#### [Provided material]
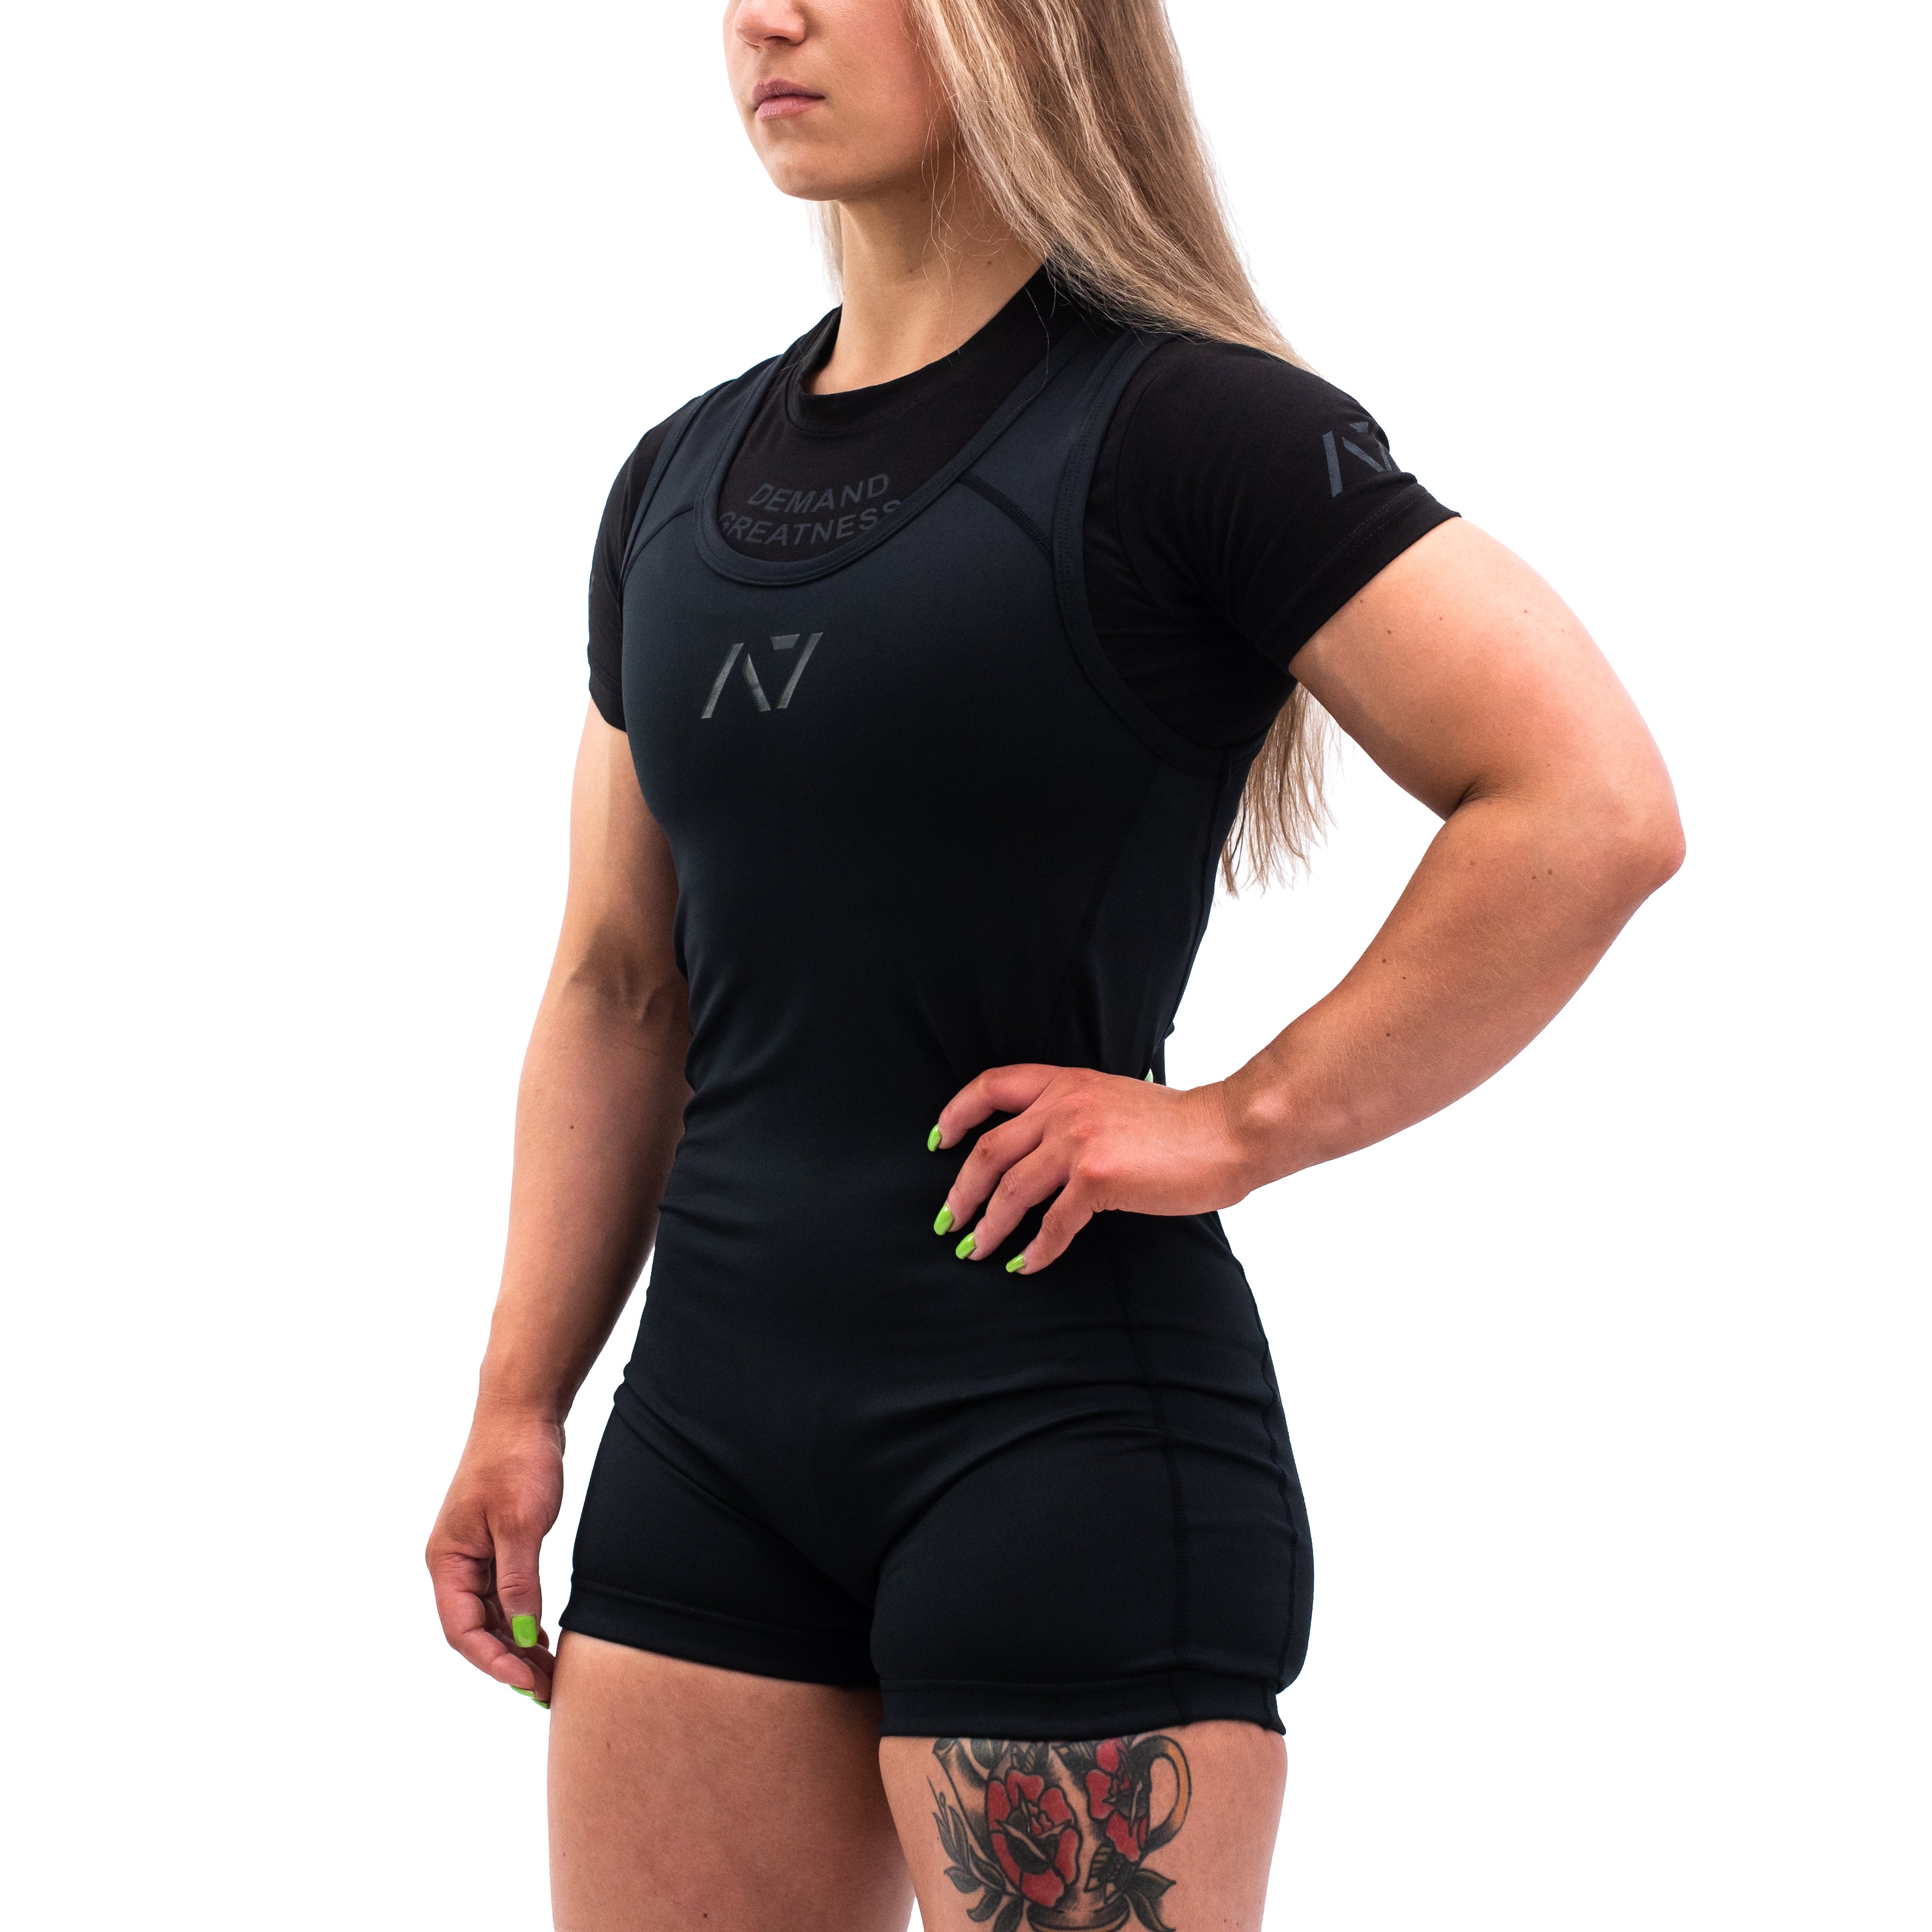 A7 Singlet - Stealth - IPF Approved - A7
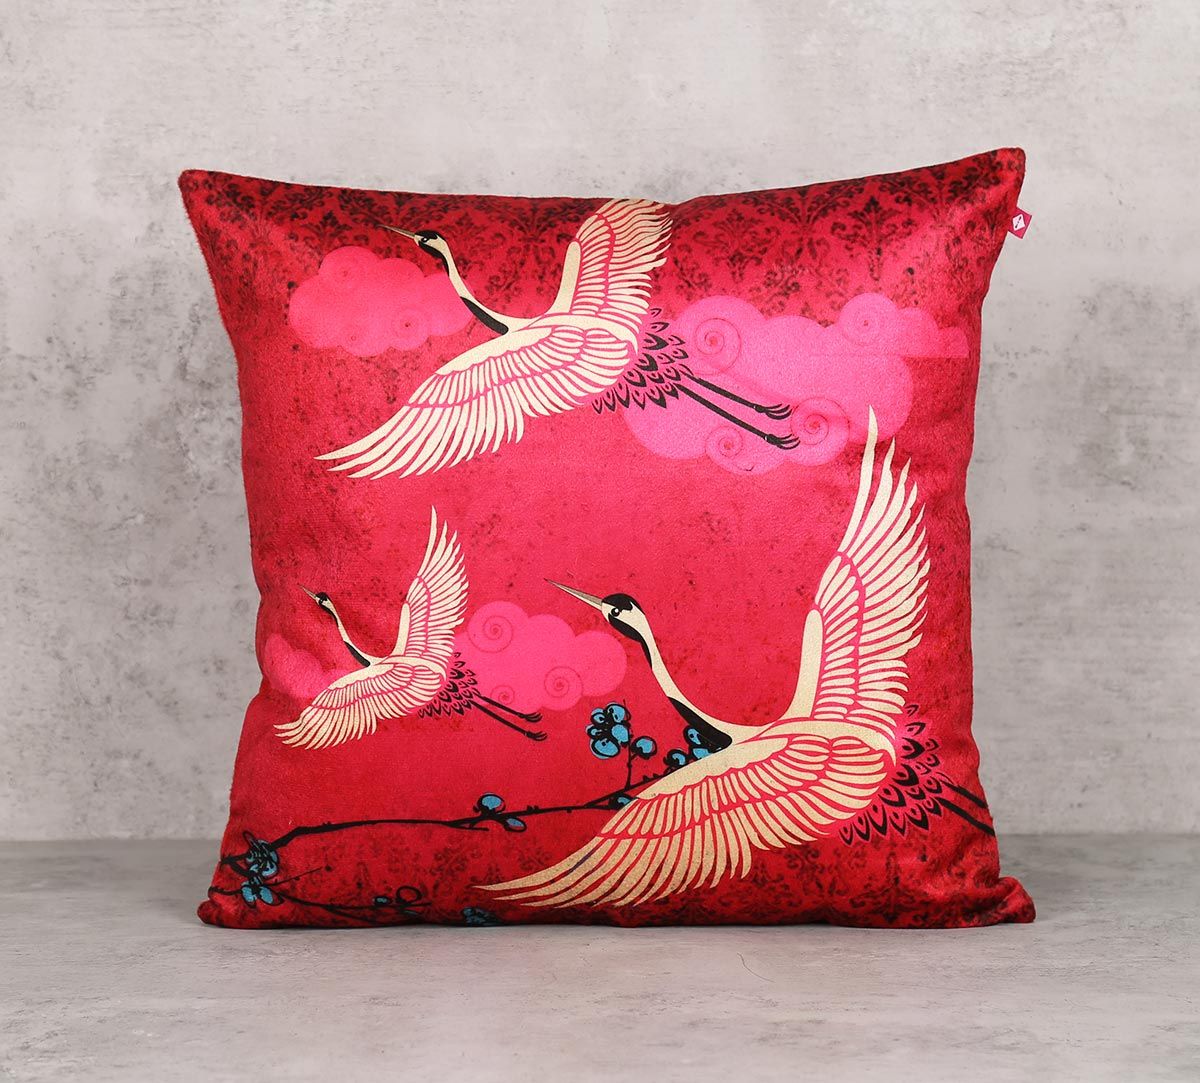 India Circus Legend Of The Cranes Blend Velvet 16 x 16 Cushion Cover
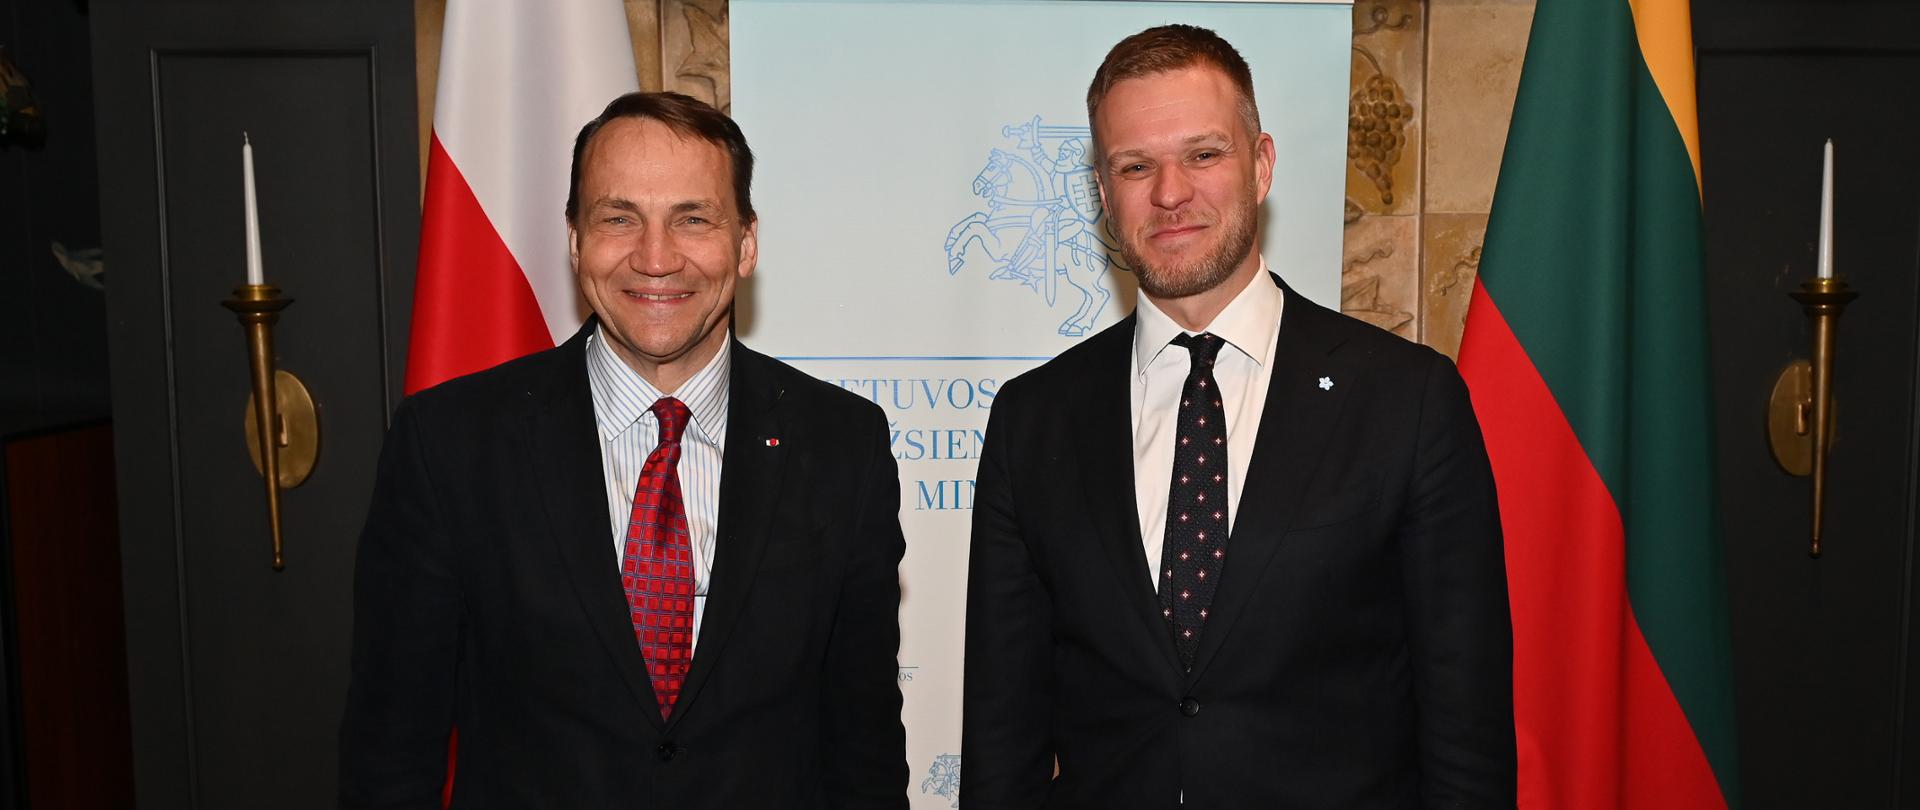 Minister Radosław Sikorski takes part in Snow Meeting conference in Lithuania

#### [What is needed]
Print the material precisely as given, dropping any images it holds.

#### [Task output]
 A7 Singlet - Stealth - IPF Approved - A7
 India Circus Legend Of The Cranes Blend Velvet 16 x 16 Cushion Cover
 Minister Radosław Sikorski takes part in Snow Meeting conference in Lithuania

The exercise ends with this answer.